BBQLab meets Lord Patrick Vallance

BBQ Lab members Dr. Will McCutcheon and Mariana Annameng Ma had the exciting opportunity to meet UK Science Minister Lord Patrick Vallance, along with a cohort of early career researchers from the Institute of Photonics and Quantum Sciences (IPaQS) at the Heriot-Watt University, here in Edinburgh. They presented our group’s research on the development of high-dimensional quantum technologies.

PRL: Photonic simulation of anyonic operators

We’re very excited to share that our recent work was published in Physical Review Letters while also being highlighted on the cover of the journal!

In this collaboration with groups from University of Leeds and Imperial College London, we program high fidelity non-unitary qutrit operators inside a multi-mode fiber, simulating fusion and braiding of non-Abelian D(S3) anyons. For this to work, we combine techniques developed in our previous works such as characterizing multi-mode fibers, designing non-unitary operations, as well as programming optical circuits.

You can read the open-access publication here:
Unveiling the Non-Abelian Statistics of D(S3) Anyons Using a Classical Photonic Simulator, Phys. Rev. Lett. 132, 110601 (2024)

Nature Physics : Qudit Gates in an Optical Fiber

Light traveling through an optical fibre

We’re very excited to share our latest work that was recently published in Nature Physics! Here we program optical circuits in a disordered medium by employing the disorder itself. We use these optical circuits to manipulate, and efficiently measure, high-dimensional entangled qudits.

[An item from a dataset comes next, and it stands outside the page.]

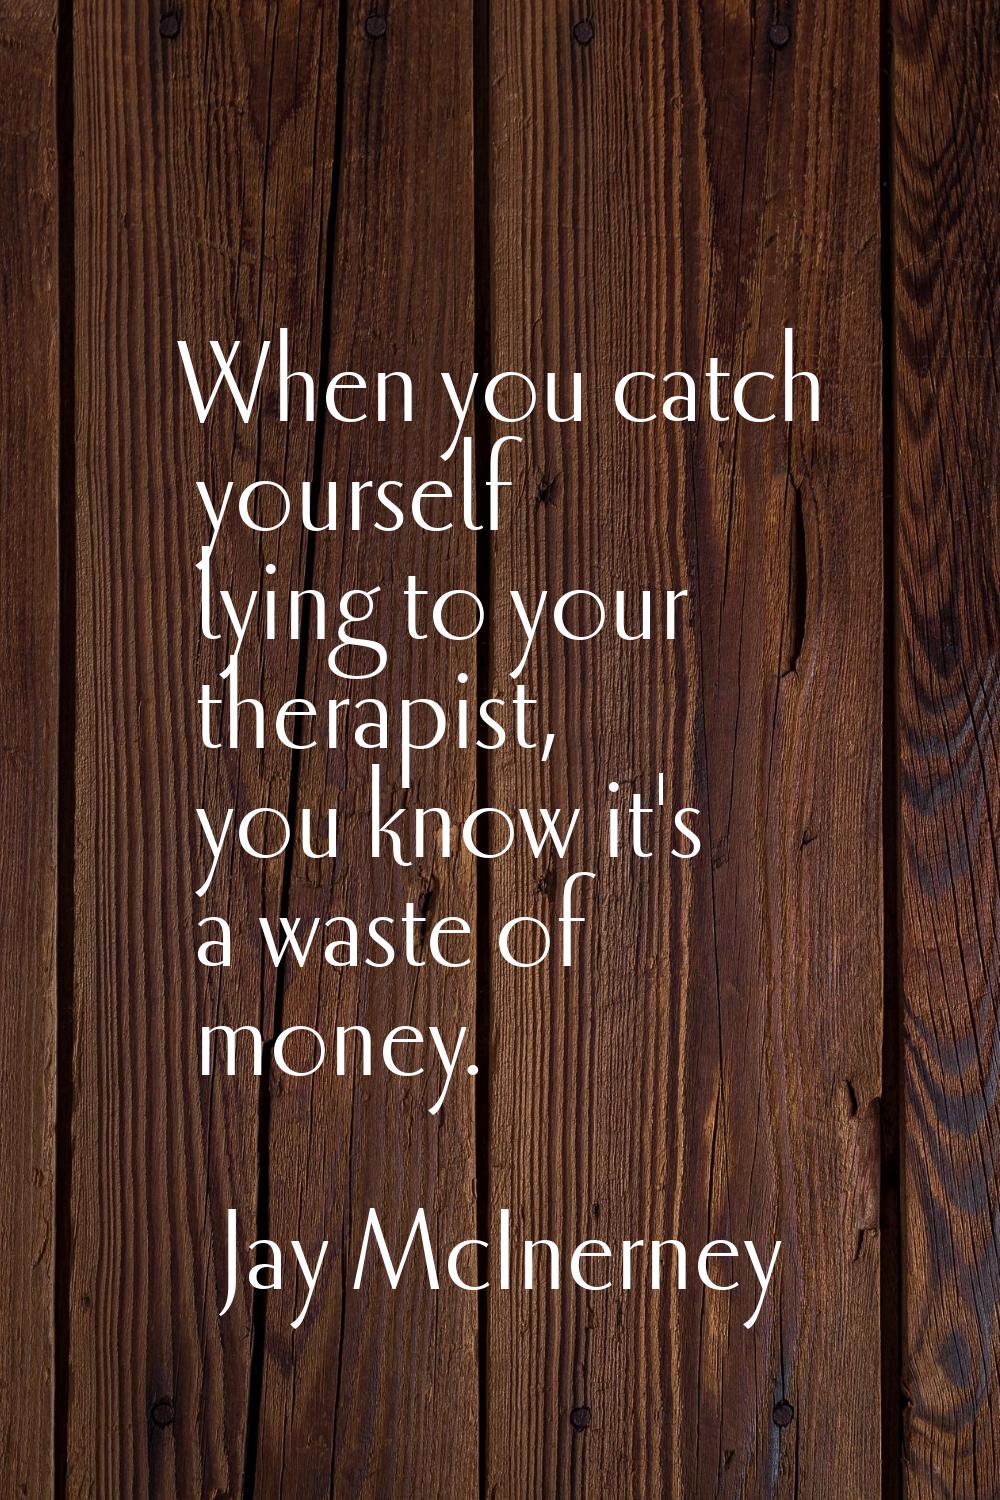 When you catch yourself lying to your therapist, you know it's a waste of money.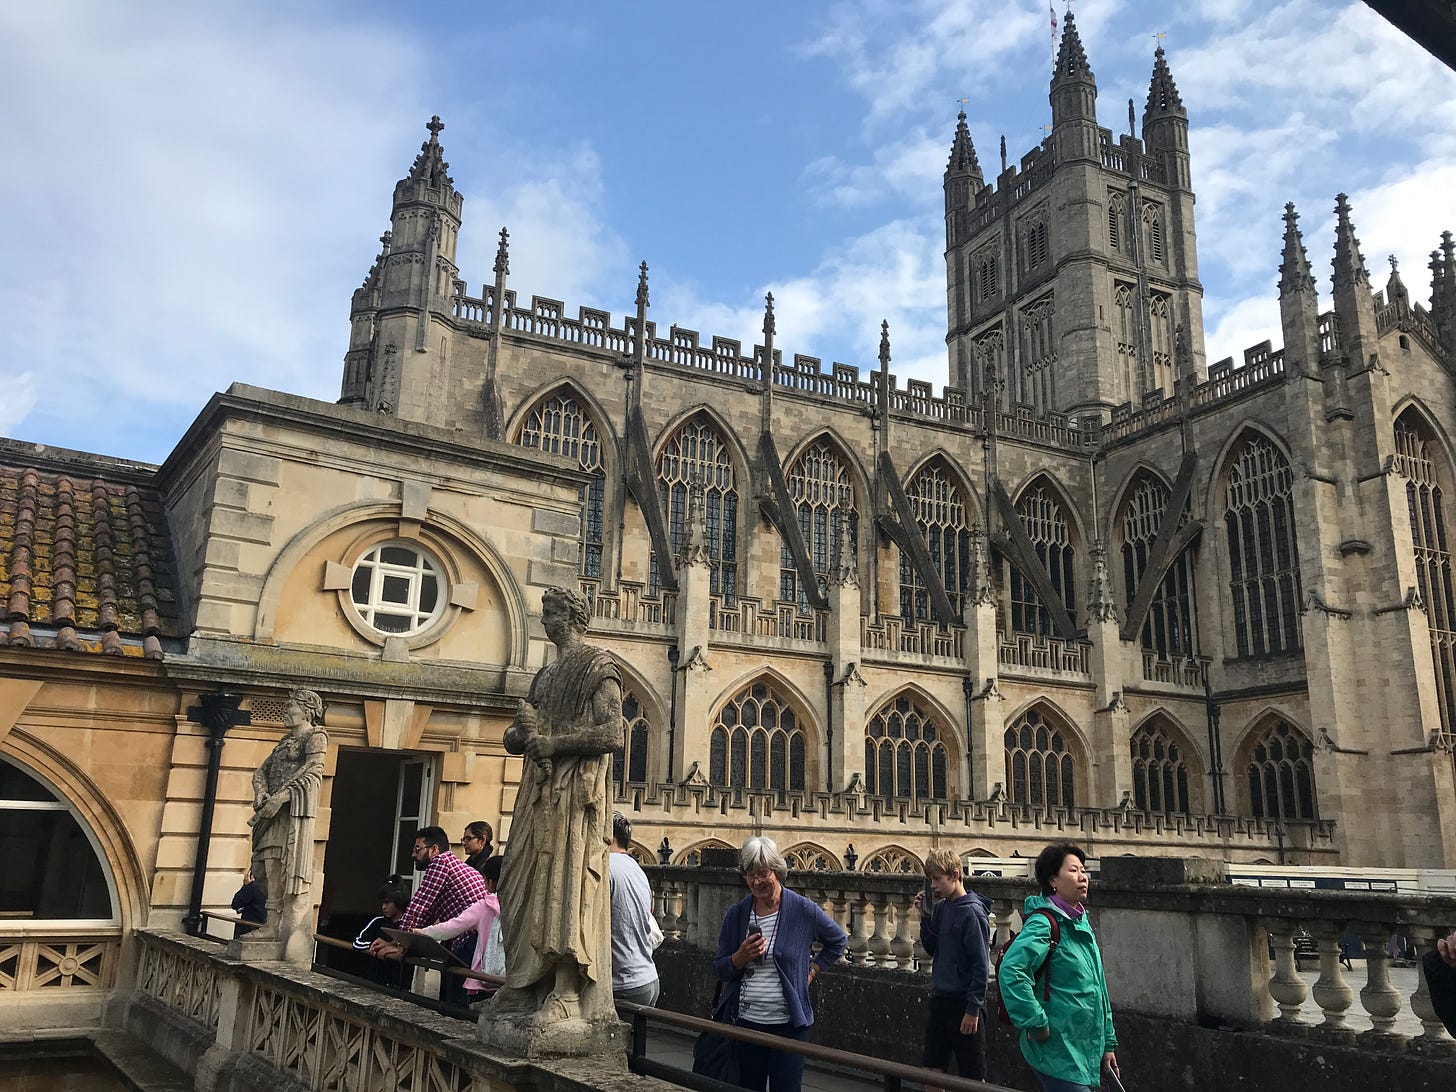 A view of Bath Abbey as seen from the Roman Baths. Image: Roland's Travels

A complex medium consists of millions of unitary operations within itself. Our method very carefully directs light through any combination of these operations, effectively programming a new arbitrary operation. This allows us to perform any set of quantum gates on high-dimensional states of light, including the ones necessary for entanglement certification and efficient quantum measurement.

This paper is very dense in terms of the variety of techniques involved in the theoretical formulation, experiment, simulations, data analysis, and computation, and most importantly, error analysis. This work was done along our collaborators Armin Tavakoli, Claudio Conti, and Pepijn Pinkse.

You can read the open access paper by following this link 10.1038/s41567-023-02319-6 . The codes and dataset used for the simulations in the paper are available on Github.

Optics Express: Multi-Plane Neural Networks

Our work was recently published in Optics Express and was highlighted as the Editor’s Pick. In this work, we present a method to fully characterize the transmission matrices of complex media using neural networks.

While similar methods existed, few of them could measure the relative phases between rows of the transmission matrix. Relative phases are necessary for coherent control of light after it propagates through given complex media, allowing their applications in optical networks, biomedical imaging, and quantum information processing.

Doing simple modifications to our setup and performing randomised measurements allows full recovery of transmission matrix using (what we call) multi-plane neural networks (MPNN). We show that our technique performs a much more accurate measurement as compared to the standard existing method of measurements on the same physical setup. Moreover, our technique is extremely robust to noise, retrieving a high-quality transmission matrix even when the measured data is majorly just noise (upto SNR =0.8)!

We also demonstrate the scalability of this method, to characterize multiple complex media simultaneously in a highly non-trivial and non-convex system.

You can read more about this work which is open access at doi.org/10.1364/OE.500529 . We have included all the codes, experimental and simulational datasets with the paper which can be found on Zenodo.

PRL: Sorting overlapping Quantum States

Evolution of three input modes in red, green and blue that are sorted into respective outcomes with their overlap sorted into the ambiguous outcome that turns white.

We are excited to announce that our latest work ‘Simultaneously Sorting Overlapping Quantum States of Light‘ has been published in Physical Review Letters. In this collaboration with the QOCI Group, we demonstrate simultaneous and efficient sorting of non-orthogonal transverse-spatial states of light in up to seven dimensions. This has been made possible by employing a multi-plane light converter (MPLC) to program high-dimensional POVMs that correspond to unambiguous discrimination of the quantum states. The MPLC employs an additional auxiliary outcome that sorts the overlap of all the modes into an ambiguous outcome.

An implication of this method is that we can sort overlapping images encoded with coherent sources. We demonstrate this by sorting three smiley faces with an accuracy of 97.6%, implying accurate image classification with light!